(Task requirements) The lines to extract run from the first line of the entries through the line that contains "Hermès bags are"; reproduce exactly those lines and no others.

Records from a data source:
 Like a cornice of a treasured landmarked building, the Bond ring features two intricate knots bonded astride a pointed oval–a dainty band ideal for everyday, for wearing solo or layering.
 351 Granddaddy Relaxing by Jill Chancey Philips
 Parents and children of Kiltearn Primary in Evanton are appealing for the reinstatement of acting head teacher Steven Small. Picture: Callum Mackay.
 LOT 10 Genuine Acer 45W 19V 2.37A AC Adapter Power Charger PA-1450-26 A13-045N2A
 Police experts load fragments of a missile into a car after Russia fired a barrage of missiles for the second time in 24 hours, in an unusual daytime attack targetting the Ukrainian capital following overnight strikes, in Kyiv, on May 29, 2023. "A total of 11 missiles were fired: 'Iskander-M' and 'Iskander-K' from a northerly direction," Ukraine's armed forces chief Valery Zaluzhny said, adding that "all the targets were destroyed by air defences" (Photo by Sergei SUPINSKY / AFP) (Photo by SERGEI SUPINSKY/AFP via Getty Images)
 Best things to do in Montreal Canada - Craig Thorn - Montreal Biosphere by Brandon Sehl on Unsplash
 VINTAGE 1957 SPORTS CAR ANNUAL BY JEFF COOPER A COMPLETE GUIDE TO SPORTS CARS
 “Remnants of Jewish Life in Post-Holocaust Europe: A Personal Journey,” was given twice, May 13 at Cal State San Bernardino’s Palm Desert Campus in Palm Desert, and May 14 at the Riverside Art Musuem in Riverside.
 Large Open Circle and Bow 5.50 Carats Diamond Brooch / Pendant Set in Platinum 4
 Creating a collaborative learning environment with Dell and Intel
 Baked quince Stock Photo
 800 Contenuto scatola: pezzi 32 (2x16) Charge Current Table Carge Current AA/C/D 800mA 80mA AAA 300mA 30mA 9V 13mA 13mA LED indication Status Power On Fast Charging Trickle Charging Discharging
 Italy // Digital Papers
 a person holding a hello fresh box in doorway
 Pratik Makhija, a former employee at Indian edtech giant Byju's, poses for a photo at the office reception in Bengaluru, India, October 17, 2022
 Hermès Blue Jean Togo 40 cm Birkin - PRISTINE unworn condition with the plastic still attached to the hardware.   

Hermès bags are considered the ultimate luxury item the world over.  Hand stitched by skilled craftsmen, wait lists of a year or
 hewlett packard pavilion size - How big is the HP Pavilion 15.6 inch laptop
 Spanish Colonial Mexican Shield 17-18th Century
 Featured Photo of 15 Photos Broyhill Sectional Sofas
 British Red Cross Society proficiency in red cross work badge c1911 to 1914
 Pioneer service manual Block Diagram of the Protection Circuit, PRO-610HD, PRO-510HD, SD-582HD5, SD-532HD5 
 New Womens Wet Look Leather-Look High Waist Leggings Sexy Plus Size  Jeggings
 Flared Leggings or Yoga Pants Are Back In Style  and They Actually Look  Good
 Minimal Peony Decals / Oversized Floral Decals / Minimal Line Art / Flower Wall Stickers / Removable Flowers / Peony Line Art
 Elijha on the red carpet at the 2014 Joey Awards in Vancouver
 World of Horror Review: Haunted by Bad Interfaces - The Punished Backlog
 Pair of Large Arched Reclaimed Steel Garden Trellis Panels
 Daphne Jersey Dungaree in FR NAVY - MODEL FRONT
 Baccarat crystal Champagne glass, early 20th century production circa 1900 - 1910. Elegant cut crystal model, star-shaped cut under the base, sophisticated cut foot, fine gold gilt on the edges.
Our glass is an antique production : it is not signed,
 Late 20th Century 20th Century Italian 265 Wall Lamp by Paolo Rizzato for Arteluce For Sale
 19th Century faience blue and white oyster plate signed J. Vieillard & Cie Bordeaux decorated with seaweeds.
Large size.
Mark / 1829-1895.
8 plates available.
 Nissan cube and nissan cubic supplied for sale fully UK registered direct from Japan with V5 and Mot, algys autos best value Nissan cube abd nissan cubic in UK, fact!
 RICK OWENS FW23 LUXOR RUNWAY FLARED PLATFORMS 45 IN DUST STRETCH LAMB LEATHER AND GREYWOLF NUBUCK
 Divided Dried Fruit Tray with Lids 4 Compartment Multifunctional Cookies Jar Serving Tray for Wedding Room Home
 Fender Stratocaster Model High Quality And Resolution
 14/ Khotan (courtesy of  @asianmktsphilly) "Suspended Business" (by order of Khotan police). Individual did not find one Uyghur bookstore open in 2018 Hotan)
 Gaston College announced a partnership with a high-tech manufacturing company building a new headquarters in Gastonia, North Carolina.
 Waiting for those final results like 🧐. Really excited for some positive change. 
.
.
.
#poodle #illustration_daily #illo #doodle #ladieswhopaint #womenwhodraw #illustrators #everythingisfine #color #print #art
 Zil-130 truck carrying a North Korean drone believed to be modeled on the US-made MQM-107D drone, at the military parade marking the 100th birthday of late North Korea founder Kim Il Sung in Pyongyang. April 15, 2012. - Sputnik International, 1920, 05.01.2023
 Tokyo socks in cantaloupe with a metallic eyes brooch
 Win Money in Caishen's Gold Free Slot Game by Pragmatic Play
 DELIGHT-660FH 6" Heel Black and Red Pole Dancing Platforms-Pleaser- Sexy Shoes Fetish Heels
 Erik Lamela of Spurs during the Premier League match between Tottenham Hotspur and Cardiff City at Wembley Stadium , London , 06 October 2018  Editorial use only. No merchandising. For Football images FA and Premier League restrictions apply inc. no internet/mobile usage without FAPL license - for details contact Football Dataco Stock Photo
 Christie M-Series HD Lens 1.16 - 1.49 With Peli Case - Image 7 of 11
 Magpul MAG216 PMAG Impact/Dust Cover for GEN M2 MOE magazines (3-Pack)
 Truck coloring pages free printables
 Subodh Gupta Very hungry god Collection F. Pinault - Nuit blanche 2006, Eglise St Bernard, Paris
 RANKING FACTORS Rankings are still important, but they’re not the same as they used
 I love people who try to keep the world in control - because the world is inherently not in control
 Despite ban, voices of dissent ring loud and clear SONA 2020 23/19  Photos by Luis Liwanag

(Result below)
 Like a cornice of a treasured landmarked building, the Bond ring features two intricate knots bonded astride a pointed oval–a dainty band ideal for everyday, for wearing solo or layering.
 351 Granddaddy Relaxing by Jill Chancey Philips
 Parents and children of Kiltearn Primary in Evanton are appealing for the reinstatement of acting head teacher Steven Small. Picture: Callum Mackay.
 LOT 10 Genuine Acer 45W 19V 2.37A AC Adapter Power Charger PA-1450-26 A13-045N2A
 Police experts load fragments of a missile into a car after Russia fired a barrage of missiles for the second time in 24 hours, in an unusual daytime attack targetting the Ukrainian capital following overnight strikes, in Kyiv, on May 29, 2023. "A total of 11 missiles were fired: 'Iskander-M' and 'Iskander-K' from a northerly direction," Ukraine's armed forces chief Valery Zaluzhny said, adding that "all the targets were destroyed by air defences" (Photo by Sergei SUPINSKY / AFP) (Photo by SERGEI SUPINSKY/AFP via Getty Images)
 Best things to do in Montreal Canada - Craig Thorn - Montreal Biosphere by Brandon Sehl on Unsplash
 VINTAGE 1957 SPORTS CAR ANNUAL BY JEFF COOPER A COMPLETE GUIDE TO SPORTS CARS
 “Remnants of Jewish Life in Post-Holocaust Europe: A Personal Journey,” was given twice, May 13 at Cal State San Bernardino’s Palm Desert Campus in Palm Desert, and May 14 at the Riverside Art Musuem in Riverside.
 Large Open Circle and Bow 5.50 Carats Diamond Brooch / Pendant Set in Platinum 4
 Creating a collaborative learning environment with Dell and Intel
 Baked quince Stock Photo
 800 Contenuto scatola: pezzi 32 (2x16) Charge Current Table Carge Current AA/C/D 800mA 80mA AAA 300mA 30mA 9V 13mA 13mA LED indication Status Power On Fast Charging Trickle Charging Discharging
 Italy // Digital Papers
 a person holding a hello fresh box in doorway
 Pratik Makhija, a former employee at Indian edtech giant Byju's, poses for a photo at the office reception in Bengaluru, India, October 17, 2022
 Hermès Blue Jean Togo 40 cm Birkin - PRISTINE unworn condition with the plastic still attached to the hardware.   

Hermès bags are considered the ultimate luxury item the world over.  Hand stitched by skilled craftsmen, wait lists of a year or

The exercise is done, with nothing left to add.